Electrochemical reduction of CO2 to formate in aqueous electrolyte is a potentially effective route for energy storage and resource utilization of CO2. Pd is known as excellent catalyst for CO2 electrochemical reduction, however, the selectivity to formate on Pd catalysts was limited to narrow potential window which may restrict their applications. Herein, N, B‐doped TiO2 nanotube arrays (TNTA) were designed and synthesized to reveal the metal‐support interaction and its effects on the electrochemical reduction of CO2. The N, B doped TNTA supported Pd catalysts were found to highly enhance the activity with 3.7 and 4.6 times and the selectivity with 2 and 2.6 times comparing respectively to undoped one for CO2 electrochemical reduction to formate at −1.0 V vs SCE. The enhancement of formate production can be attributed to the modification of electron structure facilitating the stabilization of active Pd hydride phase and suppressing the CO formation.

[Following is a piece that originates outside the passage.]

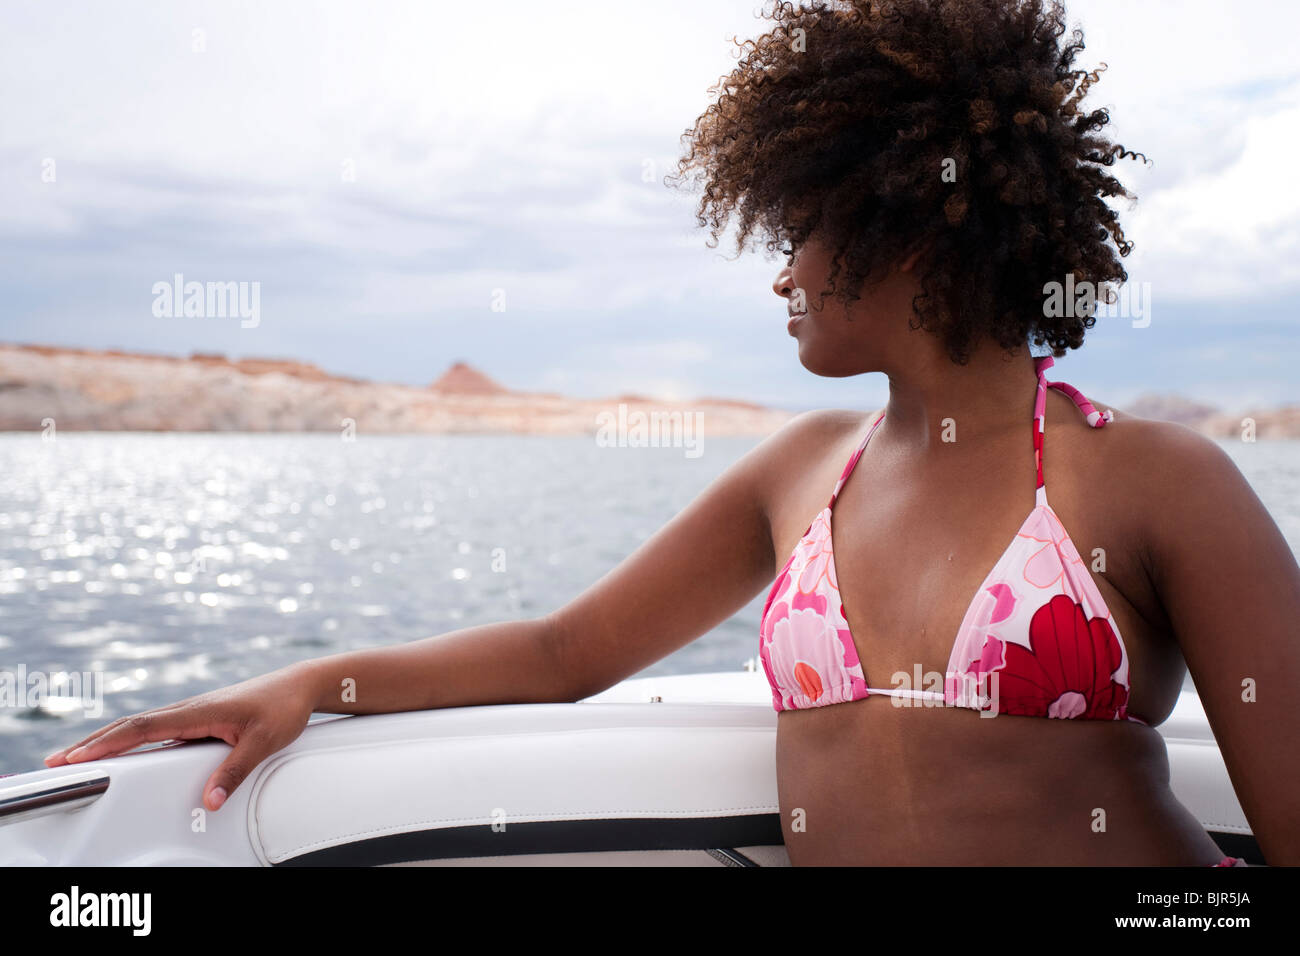 Woman in bikini on boat Stock Photo - Alamy

This study will shed light on strategies to improve the performance of catalysts via the functionalization of supports in field of CO2 selective electrochemical reduction. Electrocatalytic reduction of CO2 to formate was enhanced by doping TiO2 nanotubes arrays support with N and B. The significant enhancement can be attributed to the Pd electronic structure modification that facilitates the stabilization of active Pd hydride phase and suppresses the CO formation.